Not over yet ... We moved on to some more resistance exercises, which Schneider announced with glee. "Now we're going to work the upper back." And what a relief that was. We were in jeopardy of leaving there with my upper back still in good working condition.

"This is just a normal workout for us," Meissner said, as I made a mental note to demand a urine test when we were finished. "I've been doing this like my whole life. You only have to do it one day."

After injecting some pain to the shoulders and rotator cuffs, we moved to the abs. We sat up, we crunched, we scrunched, we twisted and we cried. (I ad-libbed that last part.) There seemed to be about a half-dozen exercises, though I lost count, which is somewhat impressive considering I didn't finish a single one.

"OK, that's enough abs," said Schneider, finally putting us on the same page.

Meissner hopped up to her feet. I lay on my back a minute longer and admired the ceiling work because I'm the attentive sort.

"Now this may kill you," Schneider warned, as he and Meissner walked away.

A lot of people might have heard that and been scared.

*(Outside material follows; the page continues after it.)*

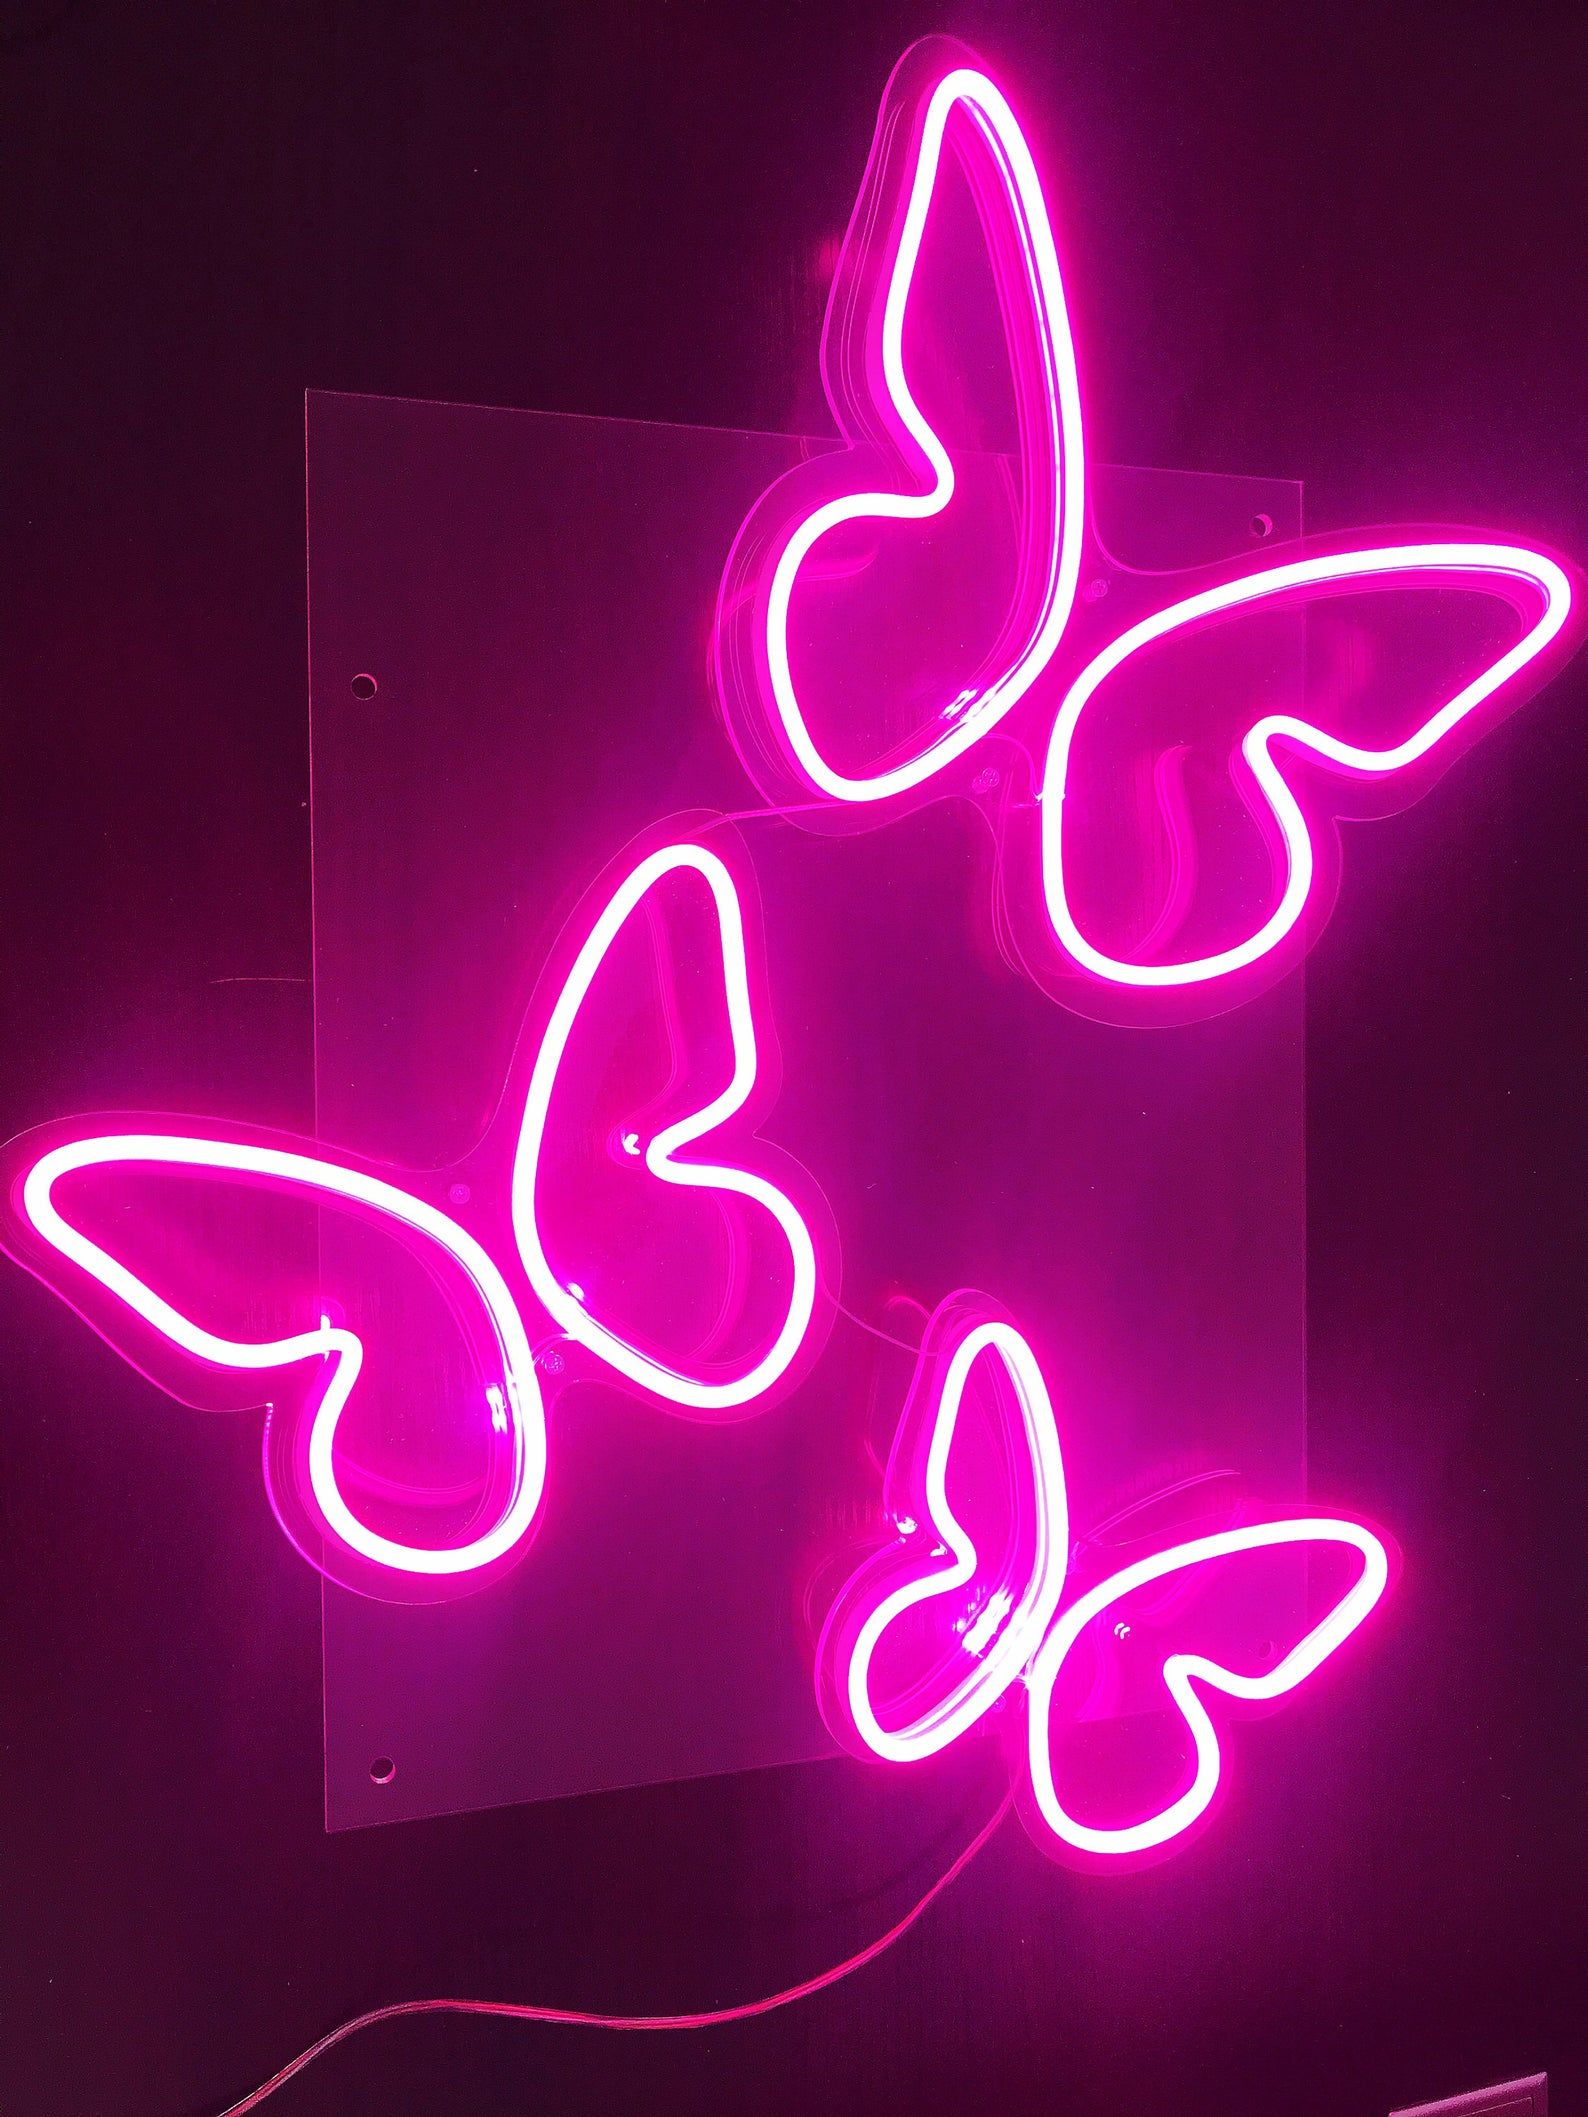 22+] Neon Light Aesthetic Wallpapers - WallpaperSafari

Not me. Death was starting to sound like sweet escape and also meant we might be finished soon.

... still not over Meissner and I took our positions on neighboring murder-machines - complex pieces of cardio equipment you see advertised on television in the middle of the night, the ones where you're stepping or running or cross-country skiing and swinging your arms the entire time, replicating movements that you'd never actually use in everyday life.

"I like doing level 10," Meissner beamed, punching a series of buttons. "What are you going to do?"

"Like, level 1,000," I said, setting the machine to level 6.

I finished much sooner than Meissner; I guess because I'm so fast.

"Already finished?" she asked. "Are you OK?"

"I guess so. My legs are shaking. Is that normal?"

"You can't be done already." She was taunting me now. "We're not even halfway through."

So I got back on, a decision I immediately regretted. I soon finished the exercise for a second time before she managed to finish it once!

After nearly two hours of exercising, we went back into Schneider's office. The trainer helped Meissner stretch down while I contemplated how I'd walk the next day.

"Are you hurting at all?" I asked Meissner.

"Hurting?" she asked, making a face like I had just asked her whether she was now or ever had been a member of the Communist Party. "Pffffft, no."

Schneider said that if I was hurting the next day, I should hop on a stationary bike for a bit. I was about to tell him what I thought he should do the next day, but instead shook his hand and thanked him for taking the time to ensure that I'd be spending the next couple of days sitting motionless on the couch.

As for Kimmie Meissner, she bounced out of the arena, announcing that she was going to hit the ice for about an hour. That sounded like a great idea and when I got home, I also hit the ice. I wrapped thick packs around either knee and lamented the fact that Ace doesn't make a bandage with sequins.